On Saturday I was treated to a rather amusing insight into one of the differences between children and adults.

The event was a trip to Wellington Zoo for our daughter's upcoming 3rd birthday. We thought she'd really enjoy it since she reads so many picture books with lions, giraffes, kangaroos, monkeys etc. in them.

Fortunately our prediction was correct and she did really enjoy it...but not in the way we had expected. A  giraffe standing right over her failed to impress, as did the lions, kangaroos, cheetahs, African wild dogs, sun bears, and chimpanzees!  
Instead, the things that most captured and held her attention were watching the emperor penguin being operated on in the animal hospital, a random chicken on the loose, and feeding hot chips to the ducks!

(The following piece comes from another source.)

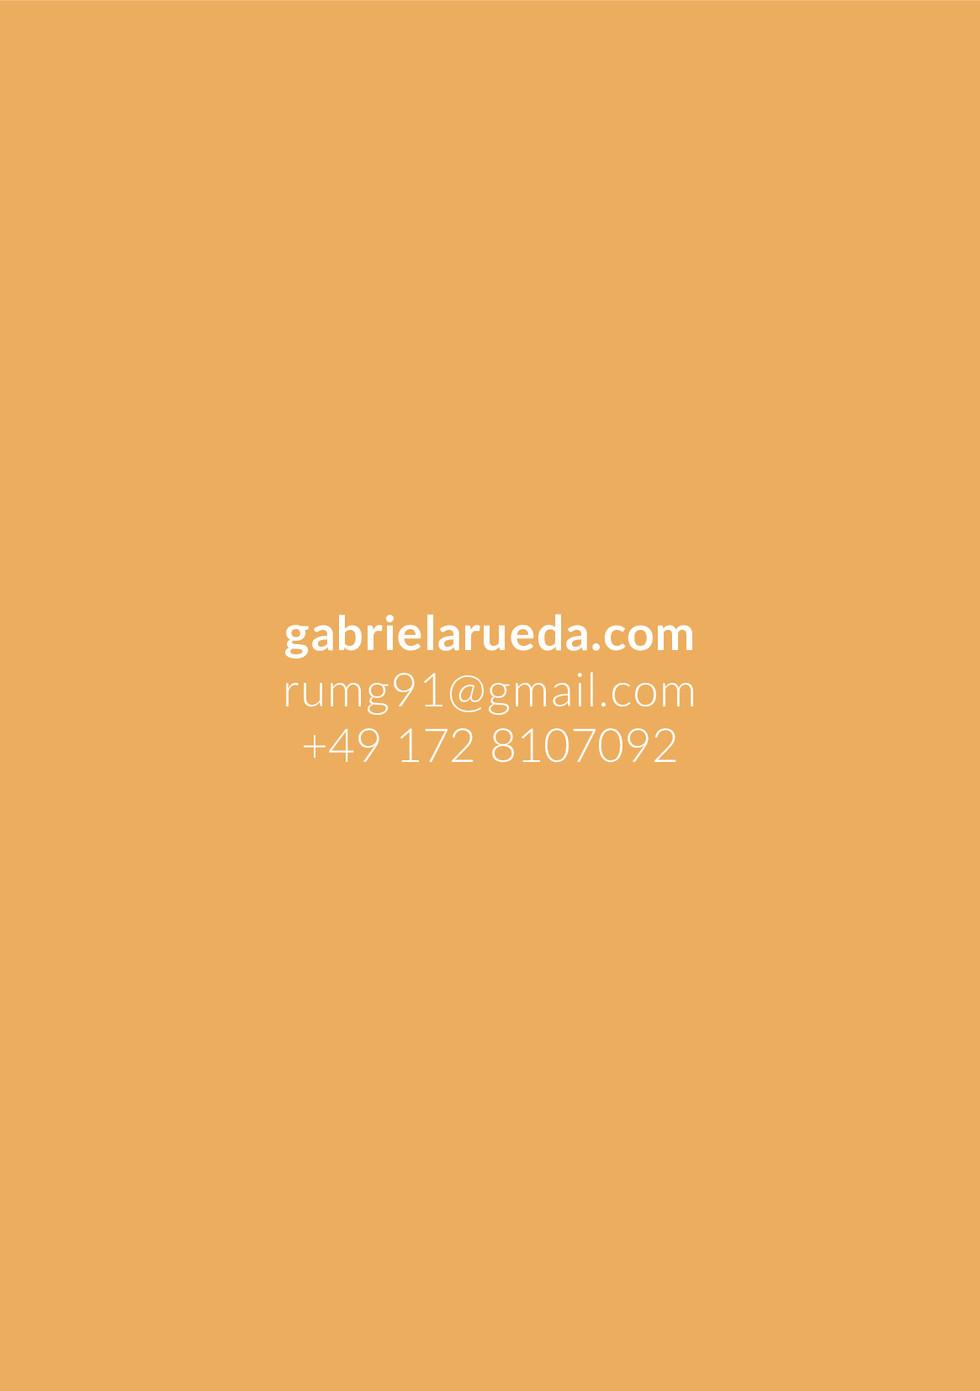 GabrielaRueda_Portfolio_Pages_32.jpg
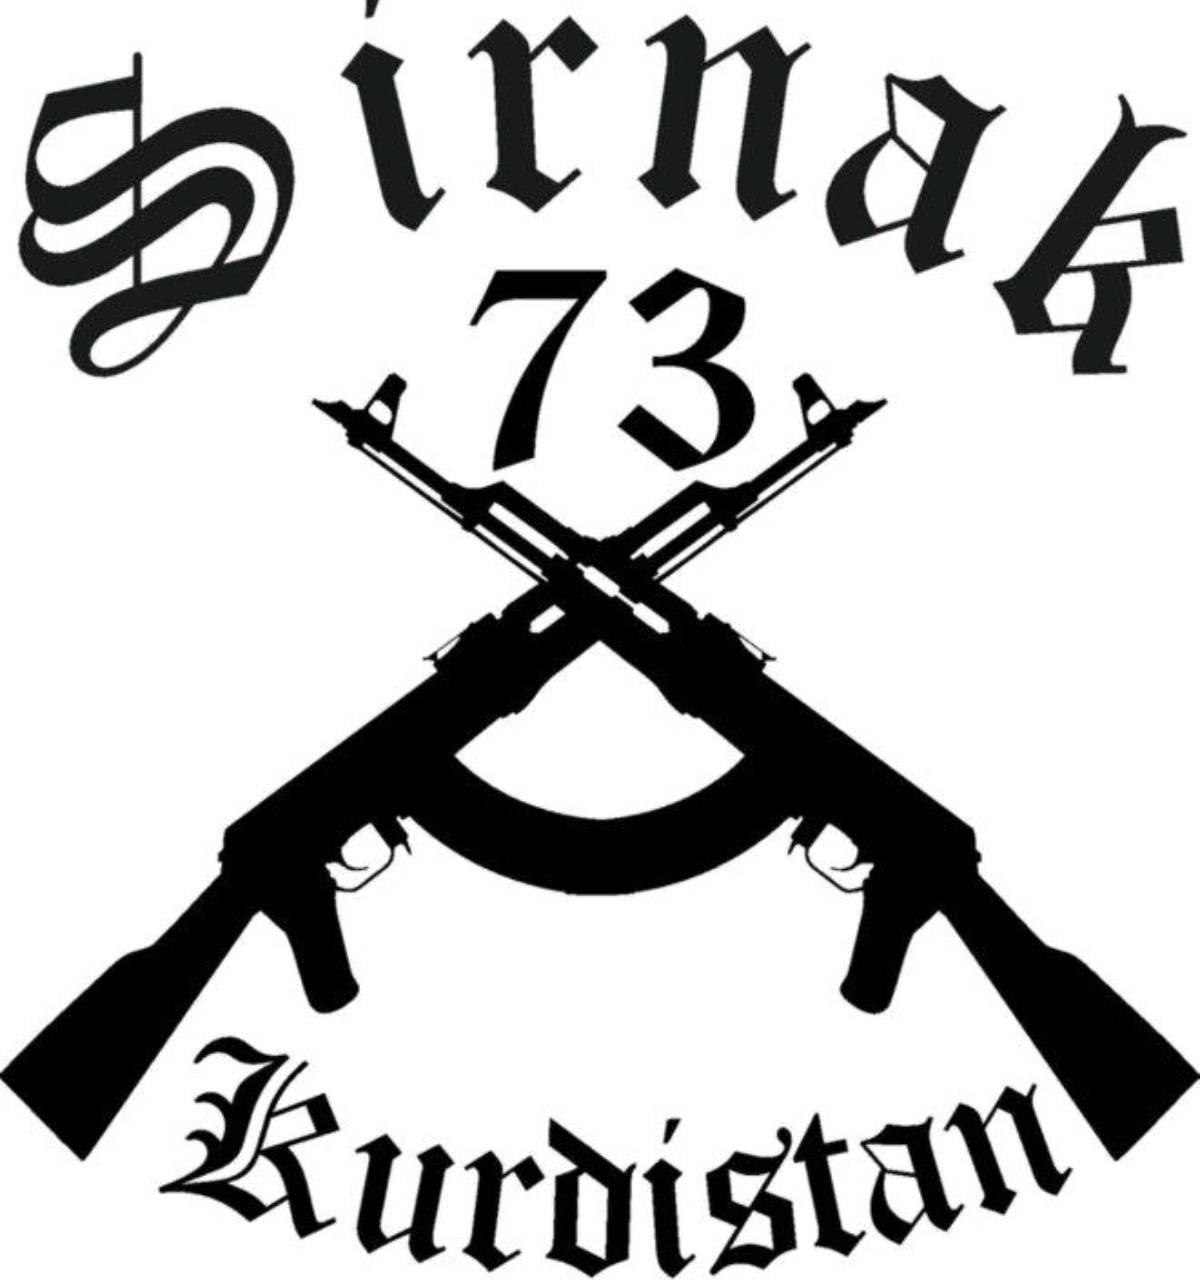 Sirnak 73

It wasn't long before I realised that her experience of the zoo wasn't going to be what I thought, and perhaps hoped, it might be. She was never going to find lions, cheetahs, and kangaroos  fascinating because she doesn't know enough about them to recognise how unnatural it is to have them living in New Zealand. 

Furthermore, they weren't where the action was at! A chicken on the loose provided an opportunity for playing chase. The emperor penguin operation provided the chance to see something out of the ordinary...and most certainly not anything she's ever come across in a picture book before. And last - but by no means least - feeding the ducks. What (almost) 3 year old wouldn't enjoy having a couple of ducks follow your every move? She just loved feeling their beaks peck the chips from her hand!   

As we continued our circuit around the zoo it was amazing how many times I overheard other parents battling the inevitable. One dad tried desperately to convince his son to have a look at the lions. He assured his son that he would be amazed by them. The son's reply 'Nah, I've seen lions on TV before.' The dad could do little more than stalk off in the direction of the lions, alone, muttering about how he hadn't seen them like this before but it was going to be his loss, grumble, grumble... 

And the point of this a writer it's always important to keep your readers in mind. This experience reinforced the importance of knowing the children you write for. While it's tempting to put pen to paper (or fingers to keyboard) and get down the story we want to tell, there can be no substitute for observing children and getting know and truly appreciate their reactions and interactions in different environments and settings. Ultimately it's time well invested and will lead to the production of a book that children will identify with and love reading.